It’s a well-known fact that people of color and immigrants receive inequitable investments across most areas. In banking, BILPOC communities receive fewer loans and do so at higher interest rates. In education, BILPOC students occupy fewer student leadership positions, are far less likely to be in advanced classes, and are over-identified as risky students.
Because BILPOC nonprofit leaders are often considered riskier investments for grantmakers than their white counterparts, it’s even more important for philanthropists and grantmakers to support and invest in BILPOC causes. Ensuring that you implement fair practices when assessing grant proposals is a huge step towards equitably investing in nonprofit causes. That’s why it’s so important to focus on diversity, equity, and inclusivity principles in your grantmaking practices, starting with examining your biases.
Investing without biases
Grantee partners that receive repeat funding from multiple grantmakers are able to grow their “trustworthiness” and relationship with their funders across multiple grant cycles. Each time their grant is renewed and the nonprofit fulfills their promised proposals, the more they’re seen as a trusted investment.
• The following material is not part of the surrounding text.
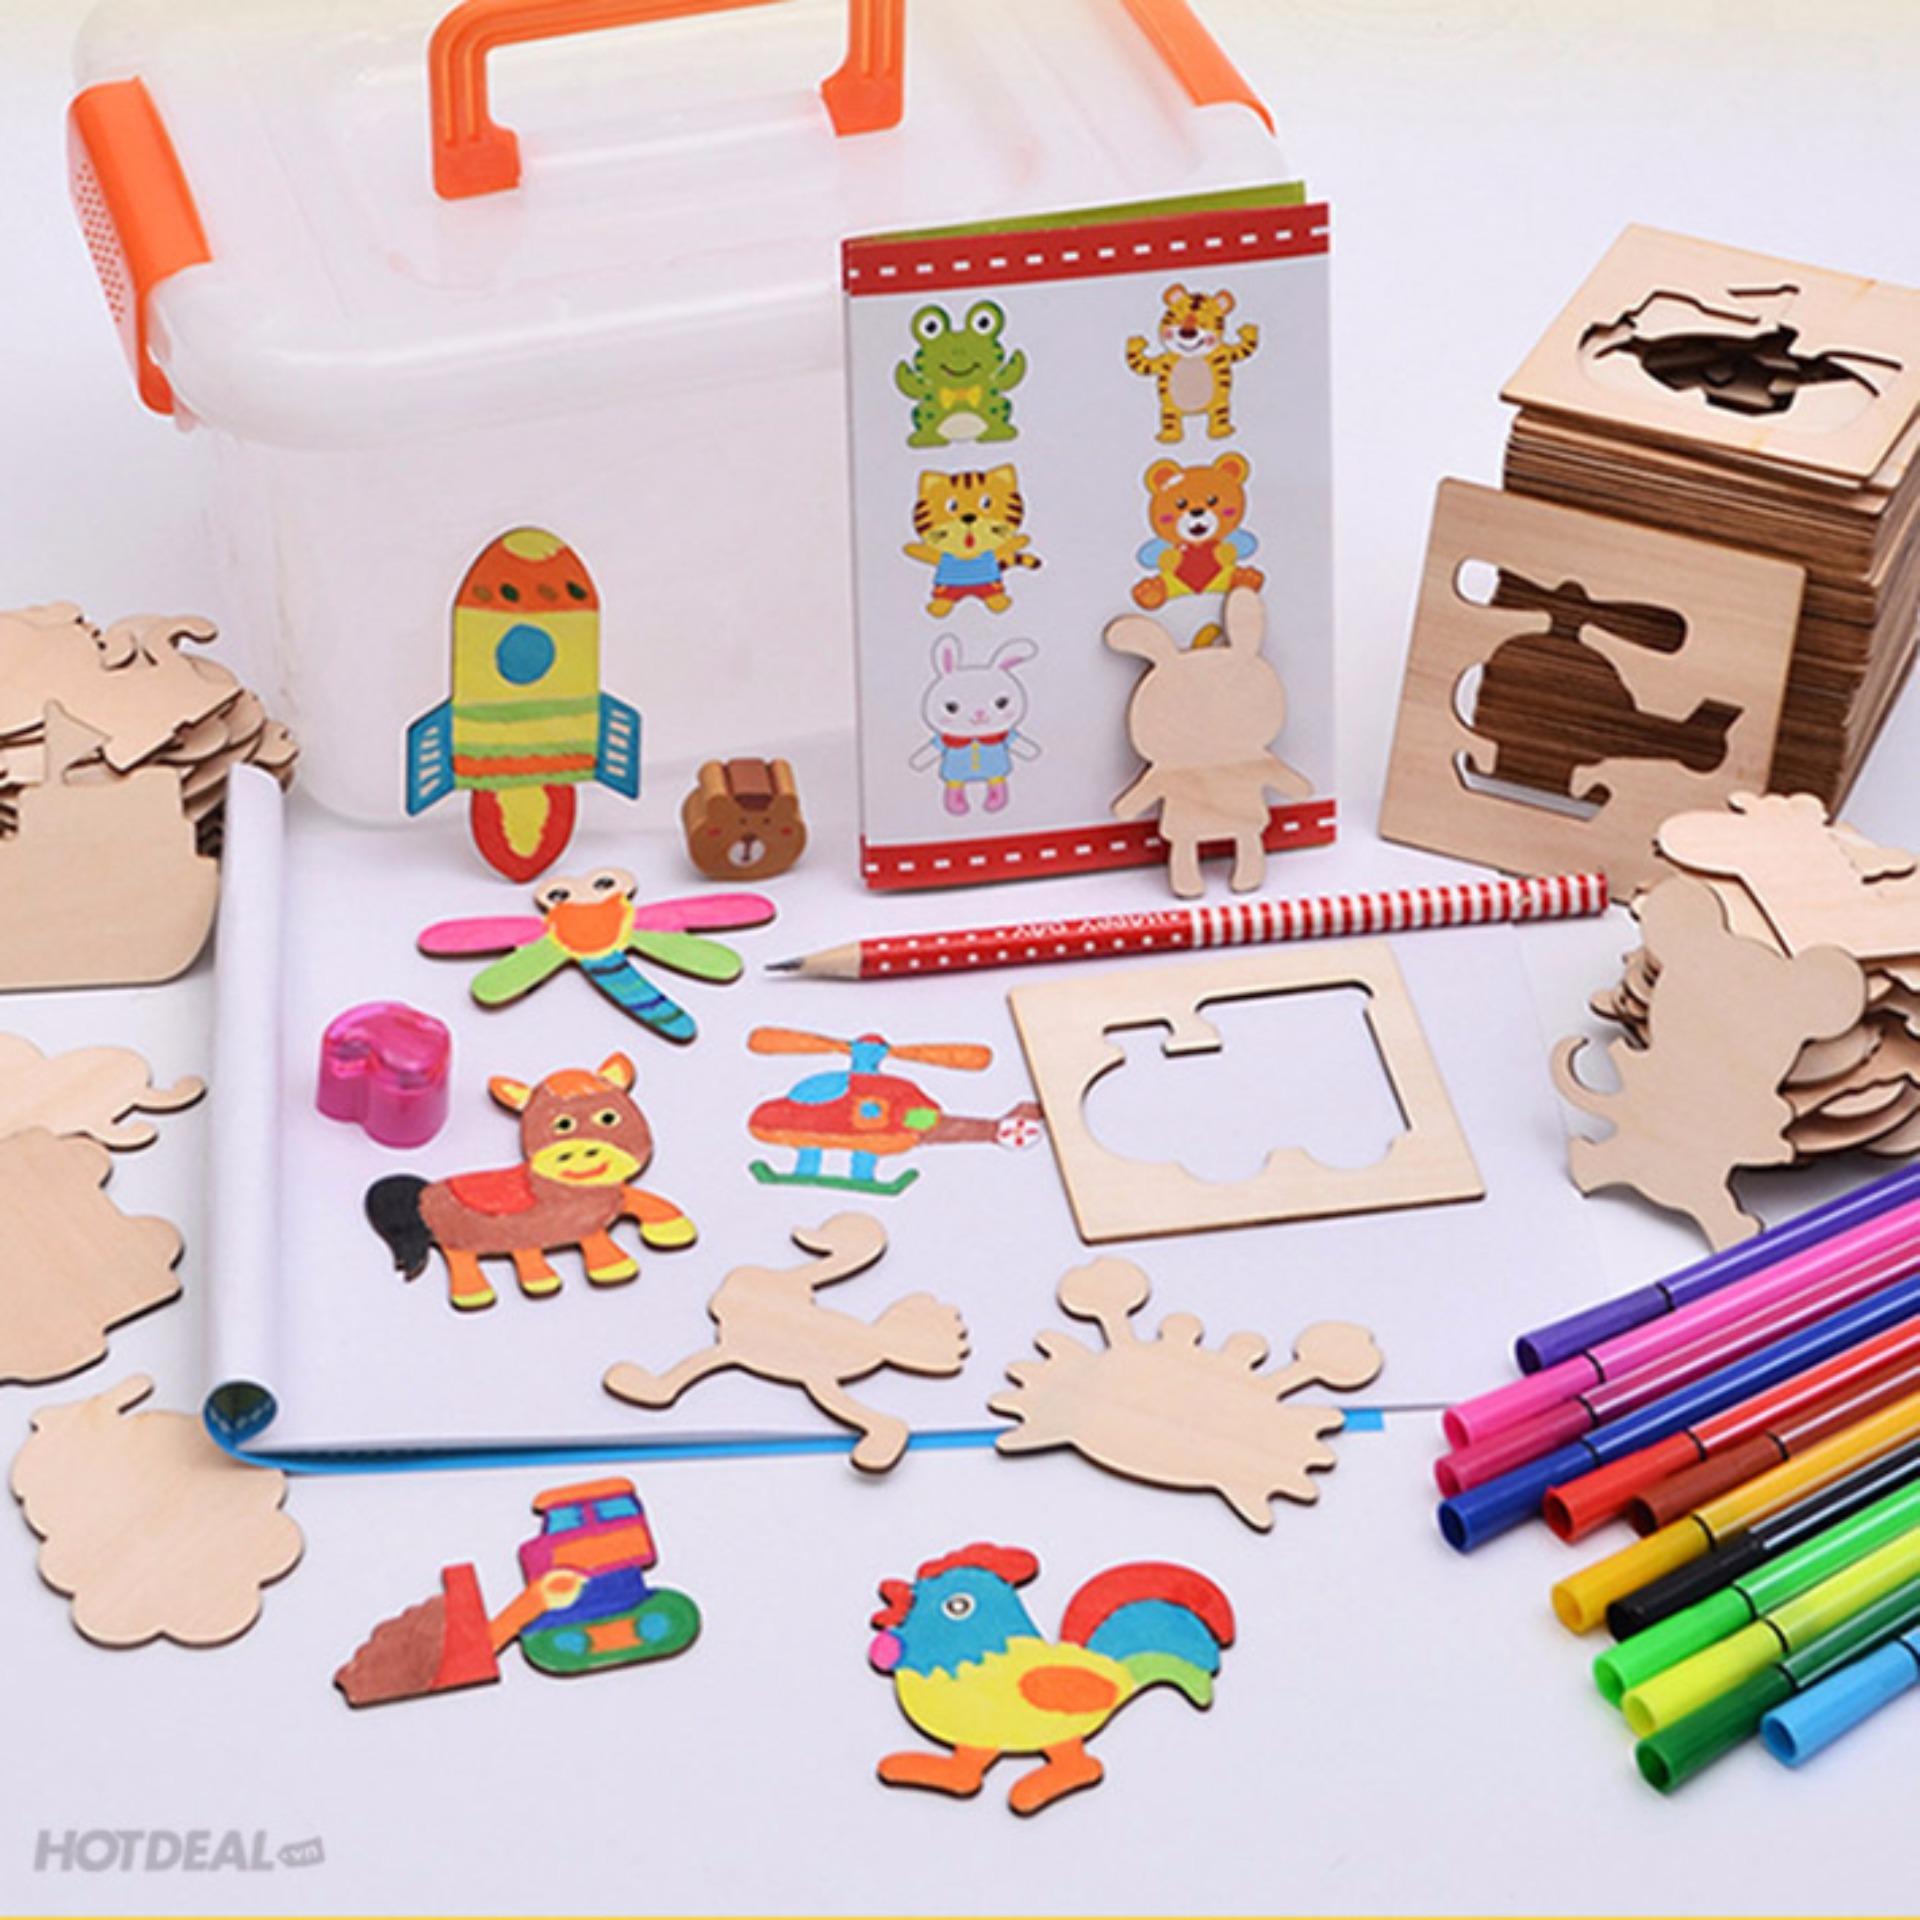 Bộ đồ chơi học vẽ hình 50 thẻ gỗ + 12 bút màu + Bút chì tẩy + Tặng Vở vẽ cho bé

On the other hand, BILPOC nonprofit leaders who are leading new initiatives and working in diverse communities often have trouble getting their first grant, making it challenging to build connections and show their trustworthiness. When considering new nonprofits to award your grants to, consider how you can mitigate bias, build trust with new leaders, and break the cycle of underfunding.
Examining risk, privilege, and positionality is an important aspect of your organization’s grantmaking. Start by assessing your board leadership, your executive team, and support staff. We often extend feelings of trust and goodwill more generously to people that come from similar backgrounds. This means that having a diverse leadership team can lead to more equitable grantmaking by taking more life experiences into account when assessing proposals.
How to assess if your organization is making equitable investments
Committing to DEI principles in your investments will require you to evaluate your philanthropic process. If you want to review how equitably you’re making your investments, ask yourself these questions:
- Who are you working on behalf of? Who are you potentially leaving out?
- How have those most central to your purpose been impacted by different markers of diversity, starting with race?
- Does your organization have data on all investments made based on race?
- Does your organization rely on (mostly) white program officers as the liaisons to and for your nonprofit partners?
- Does your organization have BILPOC nonprofit leaders on your board of directors or trustees?
- What is the lived experience of your board leadership?
- If your leadership has noticeably different lived experiences than your grantees, what steps are you taking to extend trust to new organizations?
- Does your organization host open forums and/or listening sessions specifically to learn about and from nonprofit grantees in your community?
- When was the last time your organization hosted an open, informal Q&A session for all nonprofits in your community/issue area?
These questions will help you evaluate your organization and have a better understanding of how equitably you’re investing in nonprofit organizations. Keep an open mind and be receptive to feedback—remember that the nonprofits seeking your funding want to work towards improving society with your help.
Centering DEI means change
Committing to including BILPOC nonprofit leaders may mean that you have to change some aspects of how your organization operates. Start by evaluating your leadership team and work your way to examining your everyday operations based on whether they help or hinder BILPOC nonprofit leaders from getting the support they need for their organizations. Keep your focus on diversity, equity, and inclusion, and how incorporating those values will improve your organization as a whole.